- Born: 25 September 1944 San Paio de Bóveda de Amoeiro, Spain
- Died: 11 September 2026 (aged 81) Vigo, Spain
- Known for: painting and graphic art
- Awards: Trasalba Prize (2015)

= Antón Pulido =

Antón Pulido Novoa, (Born 25 September in Bóveda de Amoeiro, Amoeiro, died 11 September 2026) was a Spanish painter, engraver, and cultural manager.

== Biography ==
The son of a schoolteacher in Bóveda de Amoeiro, he began studying at the seminary in Orense before going to Barcelona, ​​where he studied Fine Arts, specializing in painting and engraving. His first exhibition took place at the Ateneo of Orense (1971); later he published three portfolios of engravings in three series entitled O home, O abrazo and A espera (1978, 1979 and 1981, respectively). In the 1980s his career continued with various individual and collective exhibitions, while he also got a job as a secondary school drawing teacher, settling in Vigo. He continued his work as an engraver and book illustrator, especially designing the covers for books published by Ir Indo. During this time, he was appointed Director General of Culture for the Regional Government of Galicia. Years later, in the 1990s, he was the first director of the Galician Center of Contemporary Art (1993–1994), a position in which he was replaced by the art critic Gloria Moure.

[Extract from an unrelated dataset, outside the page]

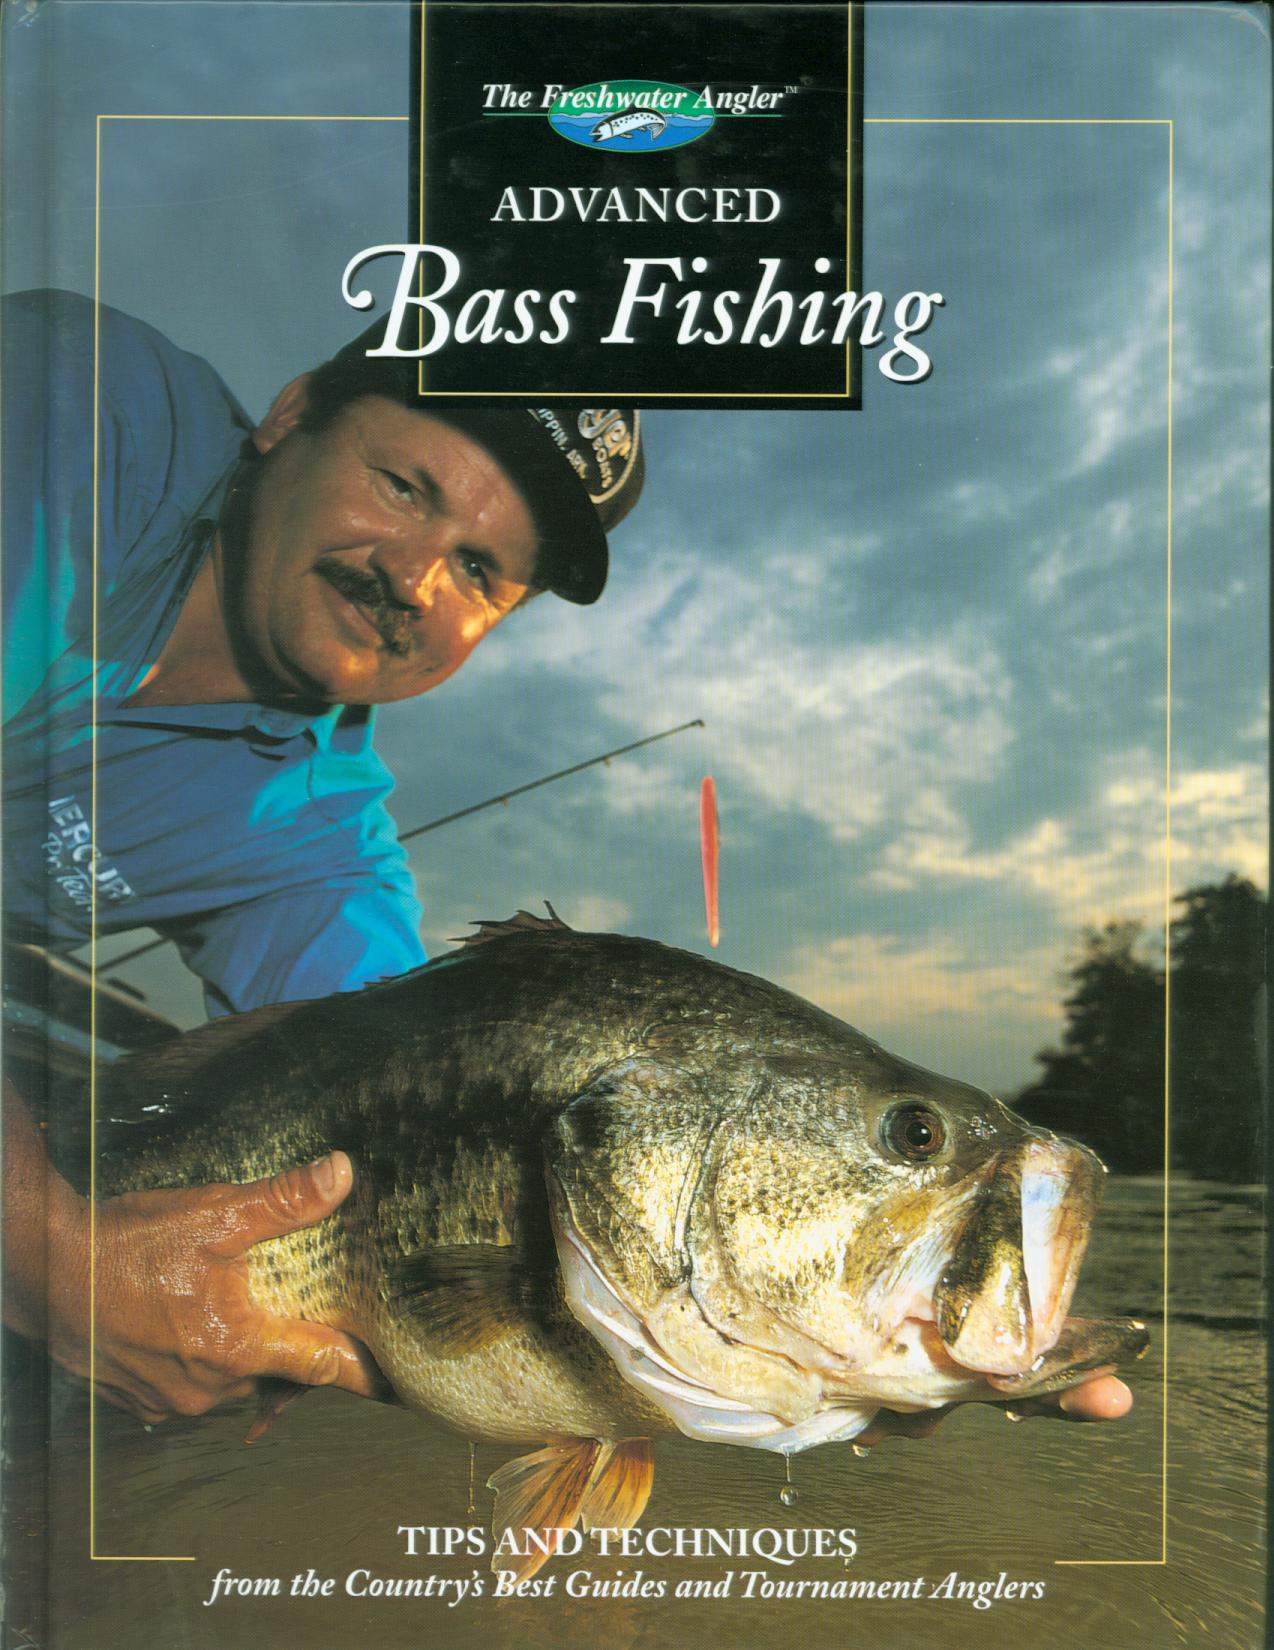 ADVANCED BASS FISHING: tips and techniques from the country's best guides and tournament anglers. 
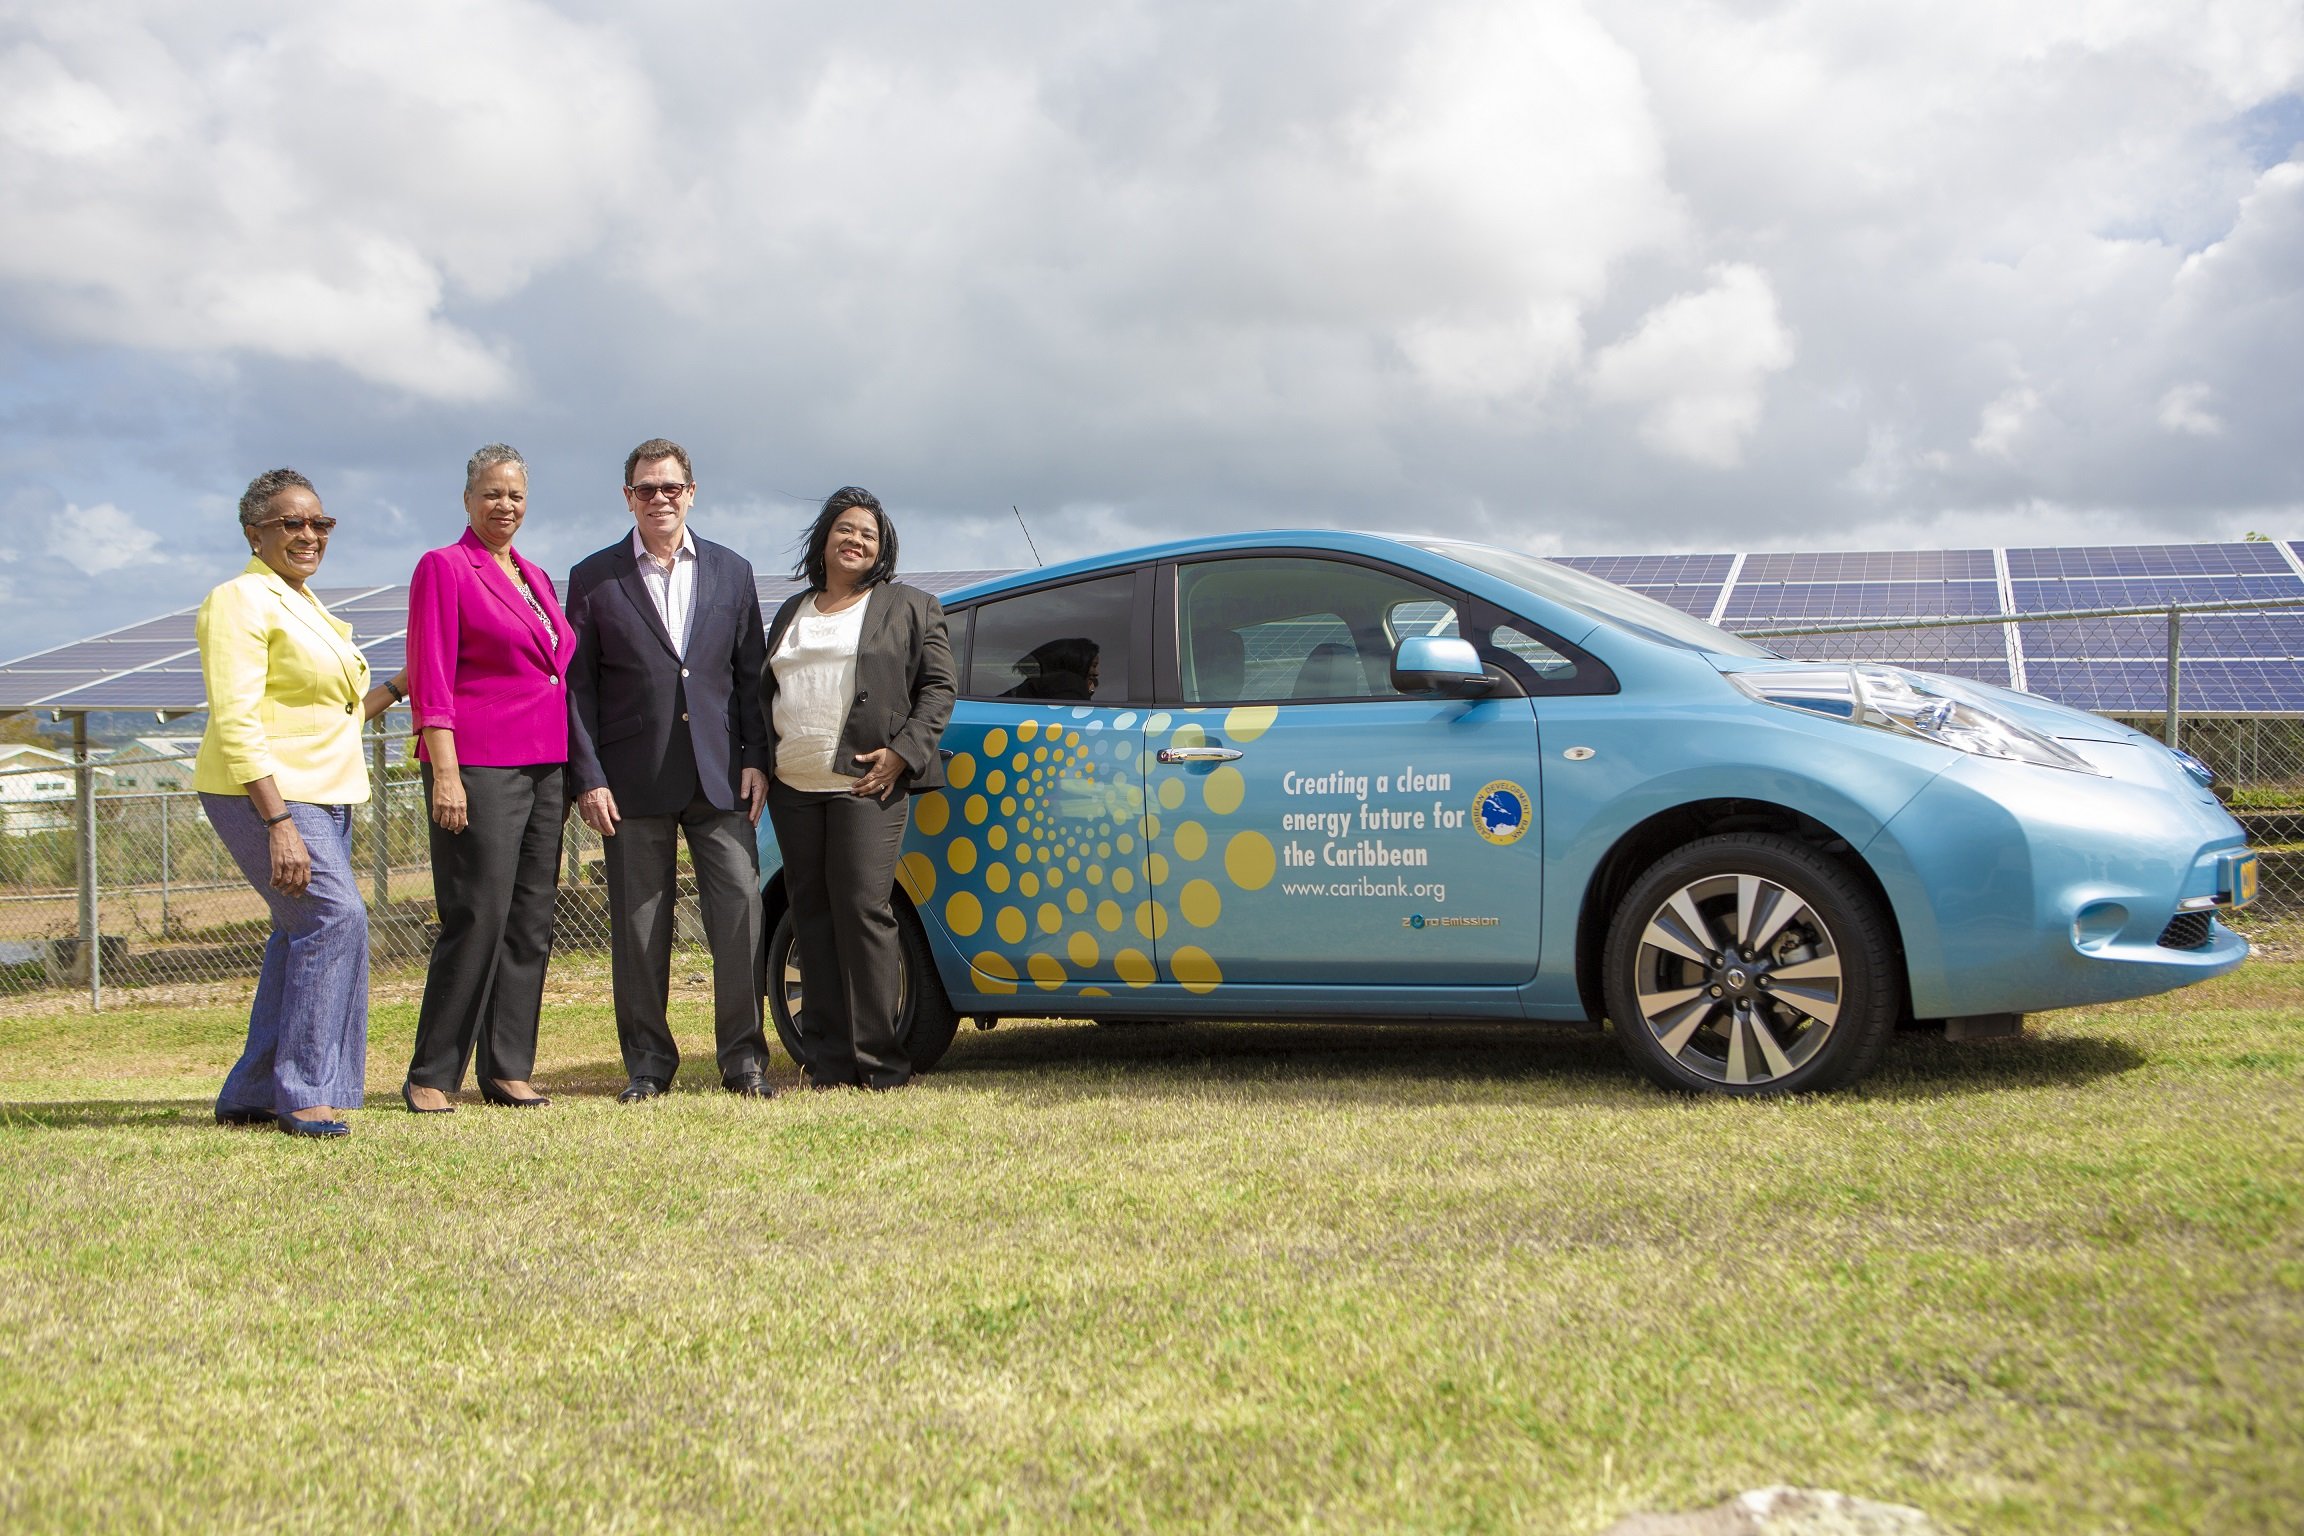 Left to right: Tessa Williams Robertson, Head, Renewable Energy and Energy Efficiency Unit; Monica La Bennett, Vice-President (Operations); Dr. William Warren Smith, President; and Yvette Lemonias Seale, Vice-President (Corporate Services) and Bank Secretary during a photo opportunity at CDB’s Headquarters in Barbados.

Pulido died on 11 September 2026, at the age of 81.

== Awards ==

- He was named Favorite Son of Amoeiro (Hijo Predilecto de Amoeiro) in 2008.
- Galicia Critics' Prize (Premio de la Crítica de Galicia) in Plastic and Visual Arts. (2014, XXXVII edition)
- Trasalba Prize, in 2015.
- Vigués distinguido in 2006.

== Bibliography ==

- Vigo City Council and Distinguished Vigueses Foundation: Vigueses distinguidos. 1985-2011, 2012, Vigo: Ir Indo. p. 170. ISBN 9788476806906.